Medical Necessity

Experienced Counsel to Challenge the Denial of Your Required Medical Treatment

Alleged lack of “medical necessity” is one of the most common reasons cited by health insurers to deny medical services and treatment. Medical necessity is a peculiar concept, in that it allows health plans to weigh economic considerations against medical ones. That is a concern, because health plans are inherently conflicted, in that they both evaluate and pay claims. Thus, when health benefits are denied, how do you know the denial is valid and not simply an attempt to pad the insurer’s bottom line?  The lawyers at DeBofsky Law have experience spotting and challenging unjustified denials of health benefits and can counsel you as to your rights.

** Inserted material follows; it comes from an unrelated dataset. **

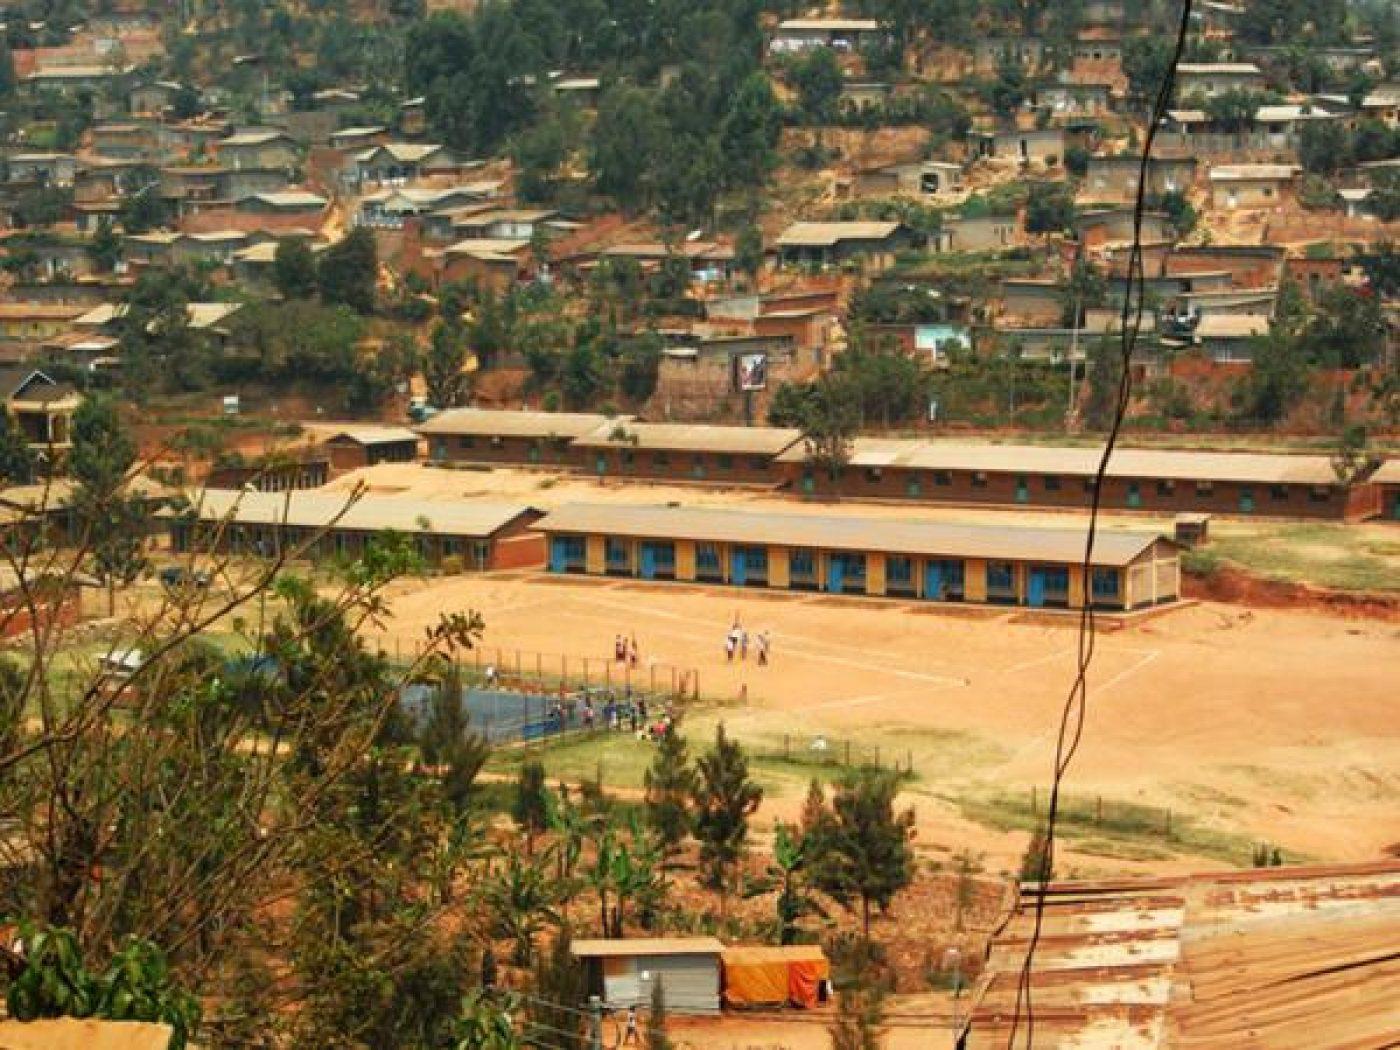 RWANDA: Kimisagara Football for Hope
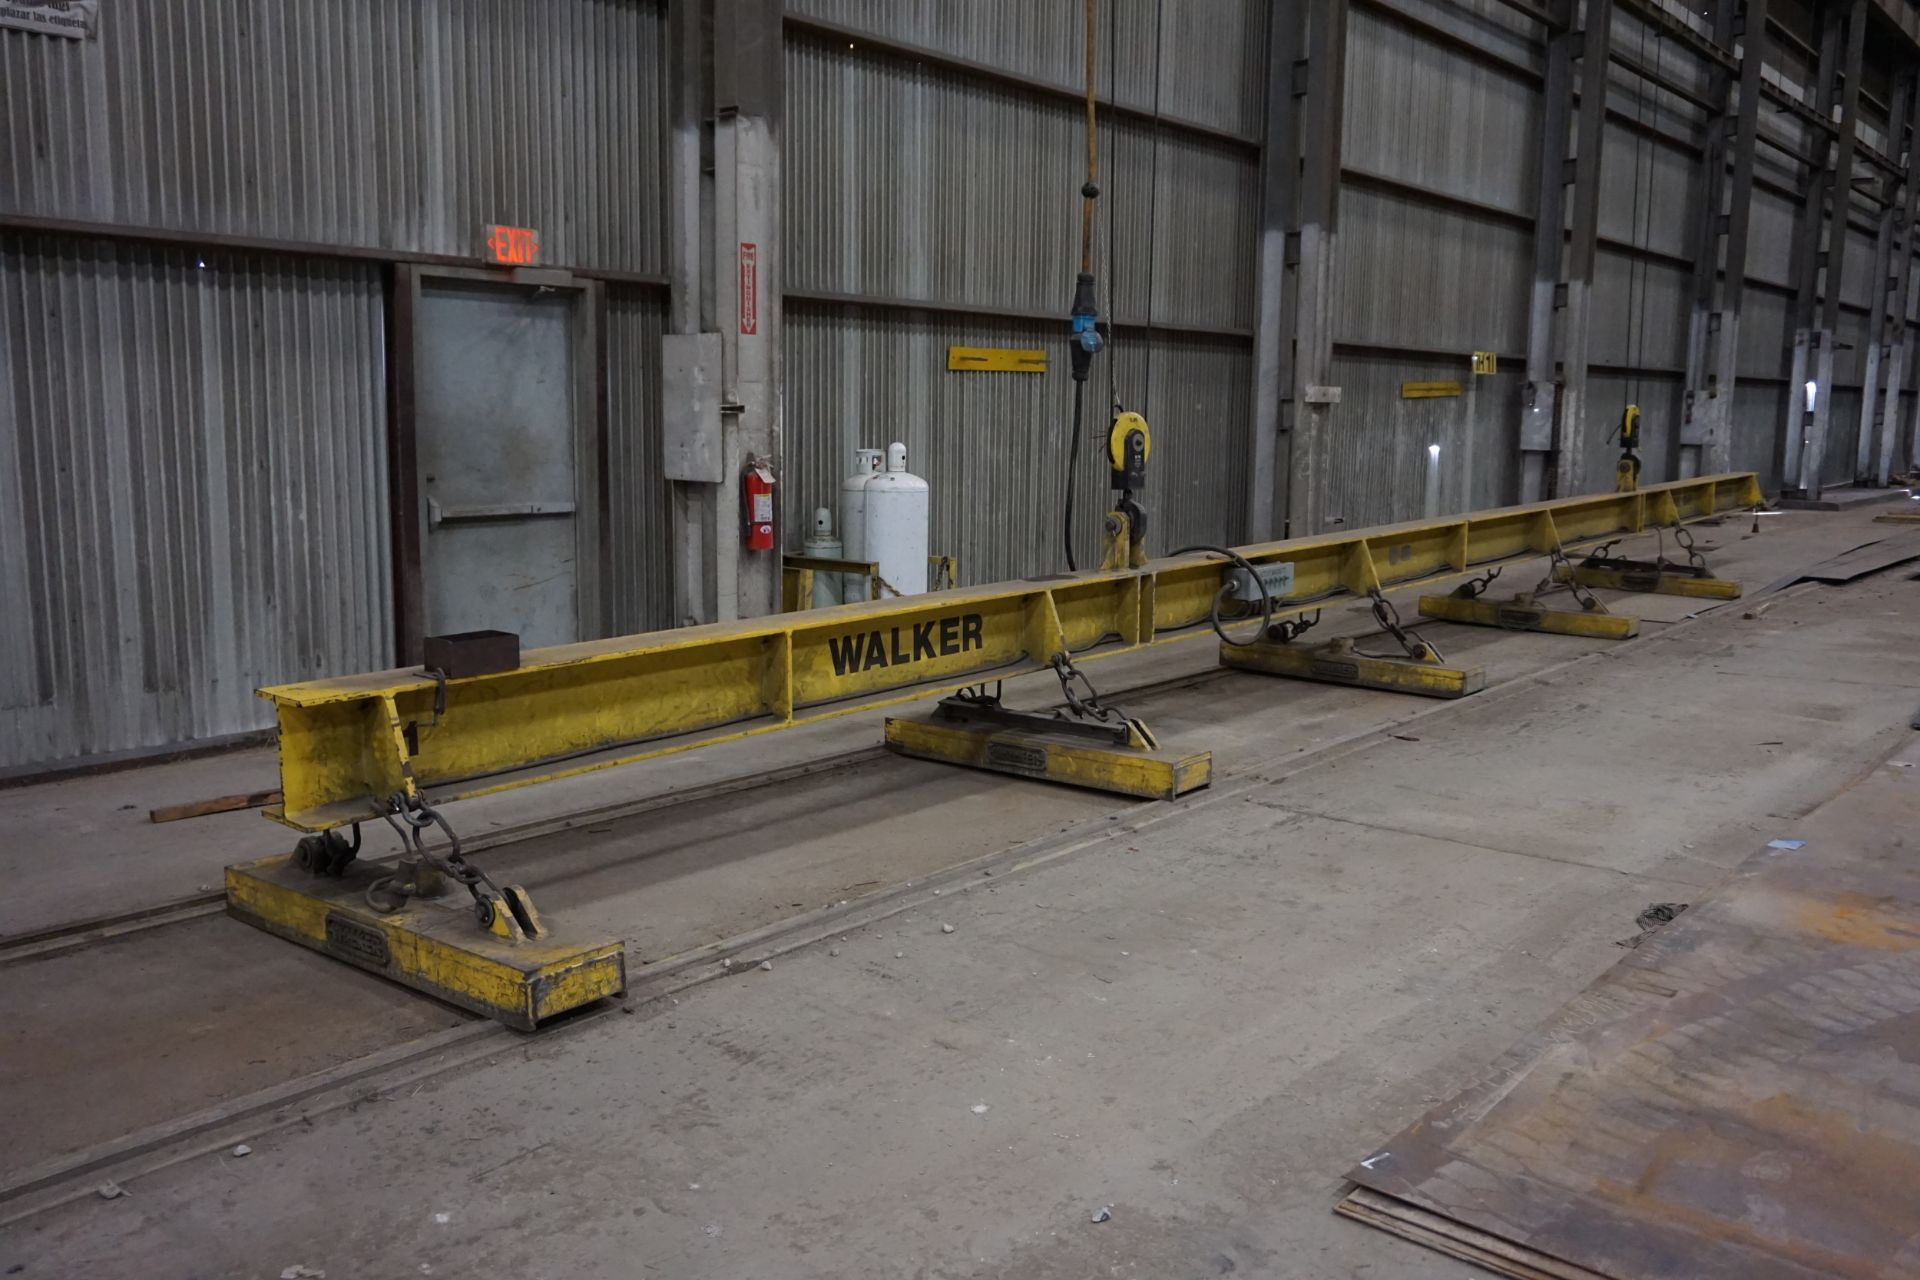 Lot 103 - WALKER MAGNETIC SHEET LIFTER (FORT WORTH, TX)

What Is Medical Necessity?

“Medical necessity” is usually defined as a medical service or treatment that is required and cannot safely be provided in a more efficient or more economical way. A hospitalization is medically necessary if the services cannot be provided on a less restrictive basis without adversely affecting the patient’s condition. Medical necessity provisions are usually found in the “exclusions” section of your health plan.

Medical necessity can be woven into health plans in other, less obvious ways. For example, a health plan may exclude “custodial care” or “maintenance care,” which is often defined as care that is not expected to improve the patient’s condition. Such provisions were called into question in Bedrick v. Travelers, 93 F.3d 149, 151 (4th Cir. 1996), which observed that, in the case of degenerative conditions, “It is as important not to get worse as to get better.” Thus, do not assume all hope is lost if your request for care is denied, i.e., it is deemed to be “custodial” or “maintenance” in nature.

Similarly, health plans often exclude coverage for weight loss surgery, cosmetic procedures, and other elective procedures on the grounds that those procedures are not medically necessary. But complications that arise from those procedures should be covered.  See Fuller v. CBT Corp., 905 F.2d 1055 (7th Cir. 1990) (“Now even if vasectomy reversal is not a covered procedure, an illness incident to the procedure—infection, complications, a iatrogenic injury, whatever—would be covered.”). Again, it is important to consult a benefits lawyer to know your rights.

How to Challenge a Denial Based on Medical Necessity

If your health claim has been denied due to alleged lack of medical necessity, you must act quickly to protect your rights. If the health plan is governed by ERISA, you generally have no more than 180 days to appeal. You must appeal the denial of benefits in a timely manner or you may forfeit your right to later bring a lawsuit.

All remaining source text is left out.